When the personal data of an individual (hereafter, the “Data Subject”) protected by the "European General Data Protection Regulation (2016/679)” (hereafter, the “GDPR”) is directly or indirectly acquired by Furukawa Electric Industrial Cable Co., Ltd. (hereafter, the “Company”), the data controller shall process the relevant data appropriately in accordance with the GDPR (and any other applicable regulations regarding data protection provided for by EU member states).

1. Business operator name and contact information

Furukawa Electric Industrial Cable Co., Ltd.

For contact information, please refer to “9. Contact for Inquiries or Complaints” in the Privacy Policy.

2. Purposes of use for personal data

The Company shall process the personal data of the Data Subject protected by the GDPR based on the legal basis stipulated in GDPR Articles 6 and 7. In addition, special categories of personal data, etc., that require care when handling as stipulated in GDPR Articles 9 and 10 shall also be handled appropriately in accordance with the GDPR.

The Company uses personal data provided to the Company for the following purposes.

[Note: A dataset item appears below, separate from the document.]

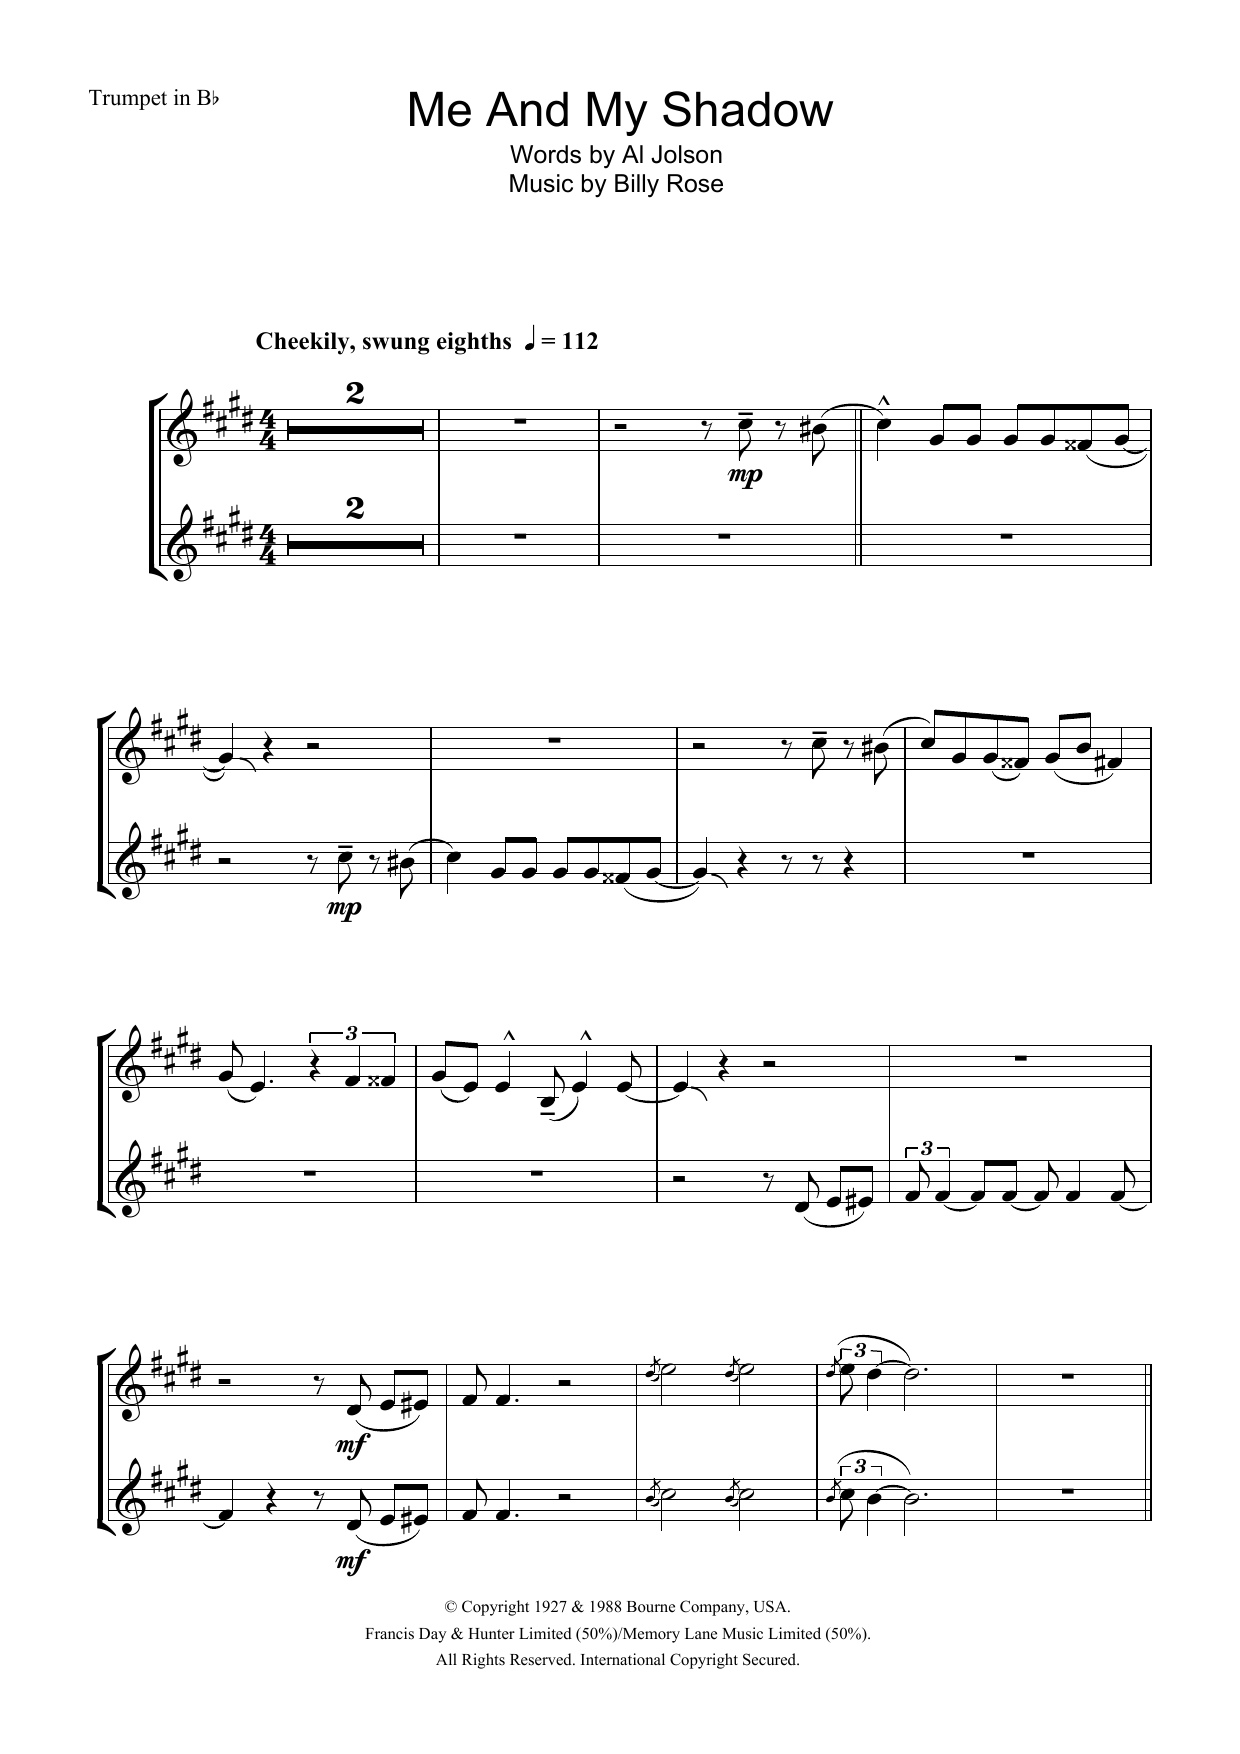 Download Frank Sinatra Me And My Shadow Sheet Music

Categories of personal data

Purposes of use

Undertaking any other actions that will help the smooth flow of business and improve the products and services of the Company

The purposes of use listed above shall be revised as necessary in the future.

In order to comply with the legal obligations of the Company, reliably provide appropriate services, and carry out the business activities of the Company, the Company shall preserve the personal data of the Data Subject for the required duration.

3. Sharing personal data

The Company may share personal data with Furukawa Electric Group companies and third parties in some cases. When sharing personal data with such entities, the Company shall handle the data appropriately in accordance with GDPR Articles 26, 27, and 28. When sharing personal data with companies located outside the EEA, the Company shall implement safeguards to legally transfer the personal data outside of the region (e.g. concluding a "Standard Contract Clause") in accordance with GDPR Article 46.

4. Records of personal data processing activities

When the Company processes personal data, records related to the processing of the personal data shall be kept in accordance with the obligations stipulated in GDPR Article 30. Based on GDPR Article 31, information required for cooperation with supervisory authorities shall also be recorded.

5. Data security measures

In accordance with GDPR Article 32, the Company has formulated the "Basic Rules for Information Security" and " Information Security Measure Standards" separate from this Policy. In addition, the Company shall implement organizational safety control measures, including the development of an information security system, and shall implement technical safety control measures, including access control, identification and authentication, and prevention of unauthorized access.

6. Notification of data breaches to supervisory authorities

In preparation for the occurrence of data breaches that lead to unintentional or unlawful destruction, loss, alteration, or unpermitted disclosure or access of personal data, the Company shall institute systems and measures to promptly detect and evaluate the details of such data breaches. Based on the results of the evaluation, the Company shall make the necessary notification to the supervisory authorities and contact the affected Data Subjects.

7. Rights of the Data Subject

The Data Subject holds the following rights in regard to personal data that are collected and processed by the Company.

At any time, the Data Subject can withdraw consent for the personal data that they have provided.

When the Data Subject exercises such rights against the Company, please contact the Company as listed in "9. Contact for inquiries or complaints” in the Privacy Policy. If the Data Subject is dissatisfied with the response made to their request by the Company, or has a complaint regarding the personal data processing methods used by the Company, the Data Subject can file a complaint with the data protection supervisory authorities of the individual EU member states.

8. Automated decision-making, including profiling

The Company does not employ automated decision-making, including profiling, using personal data provided by Data Subjects.

9. Handling the personal data of children

When processing personal data for children under 16 years of age or who do not meet the age restrictions stipulated by Member State law, the Company shall appropriately process the information in accordance with GDPR Article 8 and Member State law.

10. Updates to this policy

The Company may make timely revisions or updates to this Policy. Updates to this Policy shall come into effect as soon as they are posted on this website.